» **ASSIGNMENT**:
Word for word, reproduce the listing that follows, excluding any pictures it contains.

» **EXERCISE DATA**:
+++

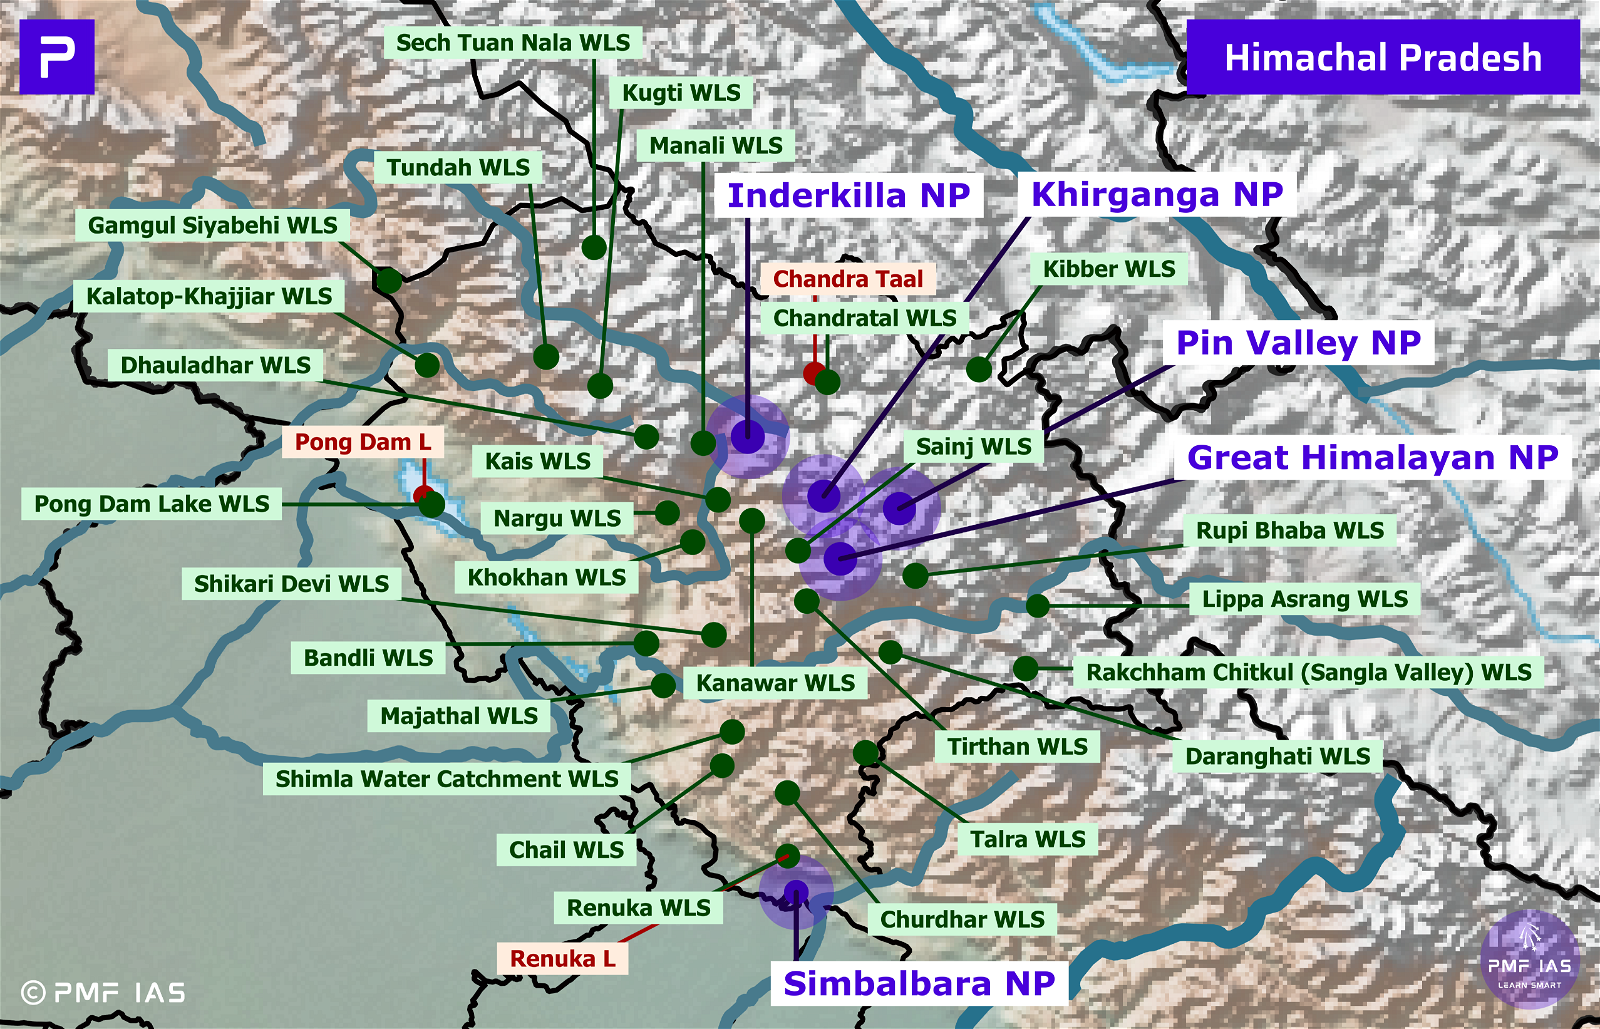 National Parks Tiger Reserves Wildlife Sanctuaries of Himachal Pradesh
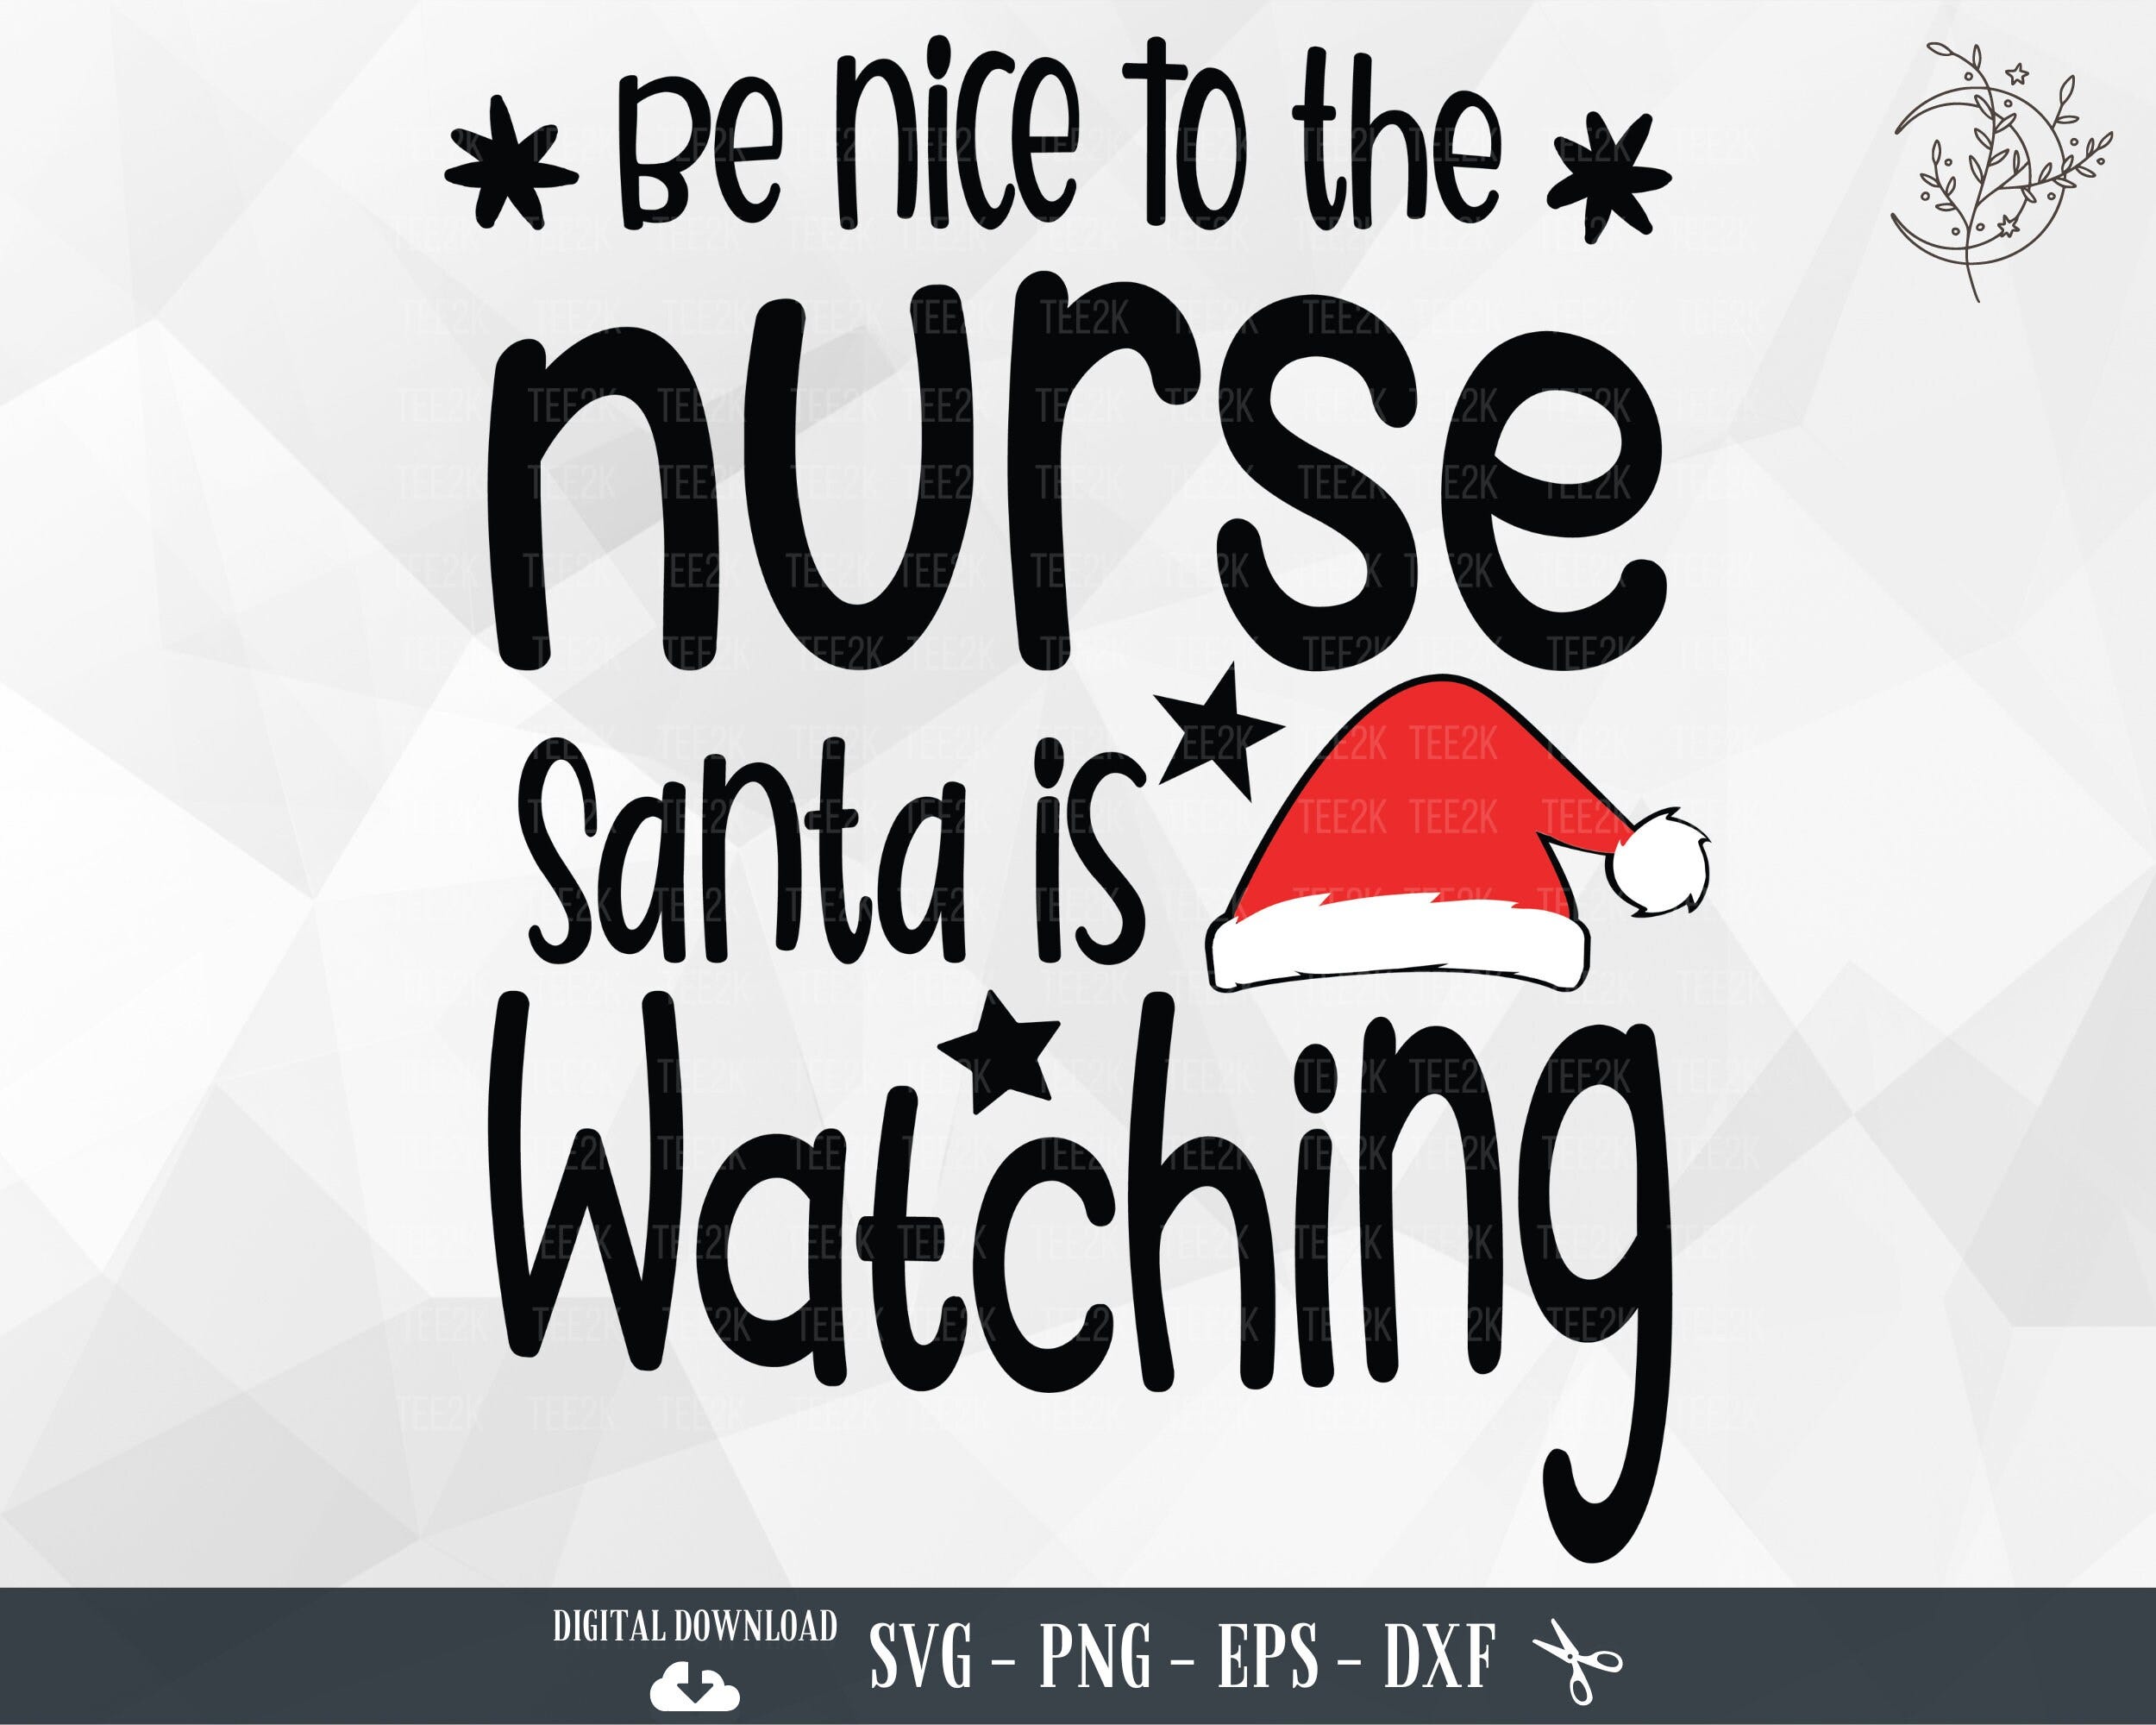 Nurse Christmas SVG, Be Nice to the Nurse Santa is Watching, Nurse life, Christmas Sayings, Humor, Files for Cricut, PNG, Digital Download
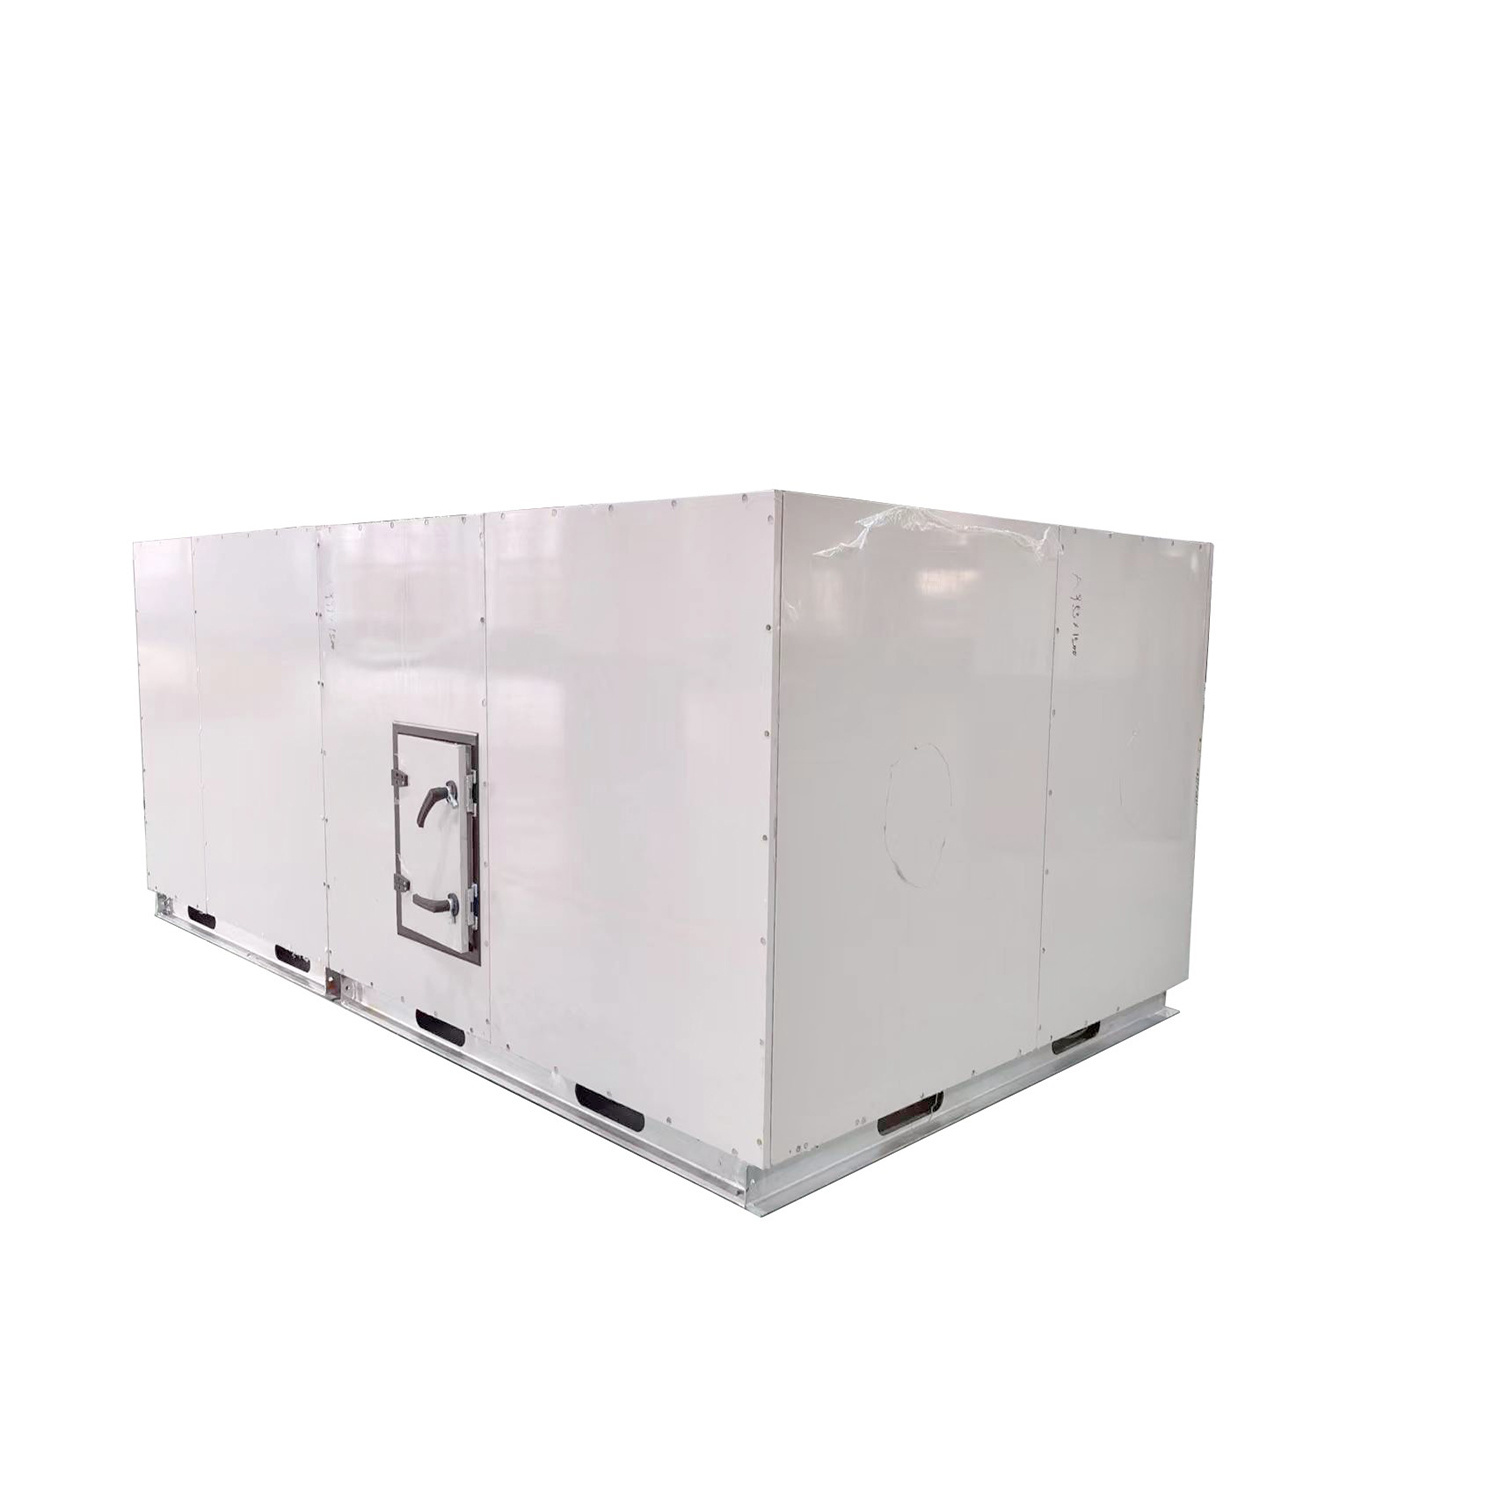 Refrigeration air conditioning box

+++

» **EXPECTED ANSWER**:
 National Parks Tiger Reserves Wildlife Sanctuaries of Himachal Pradesh
 Nurse Christmas SVG, Be Nice to the Nurse Santa is Watching, Nurse life, Christmas Sayings, Humor, Files for Cricut, PNG, Digital Download
 Refrigeration air conditioning box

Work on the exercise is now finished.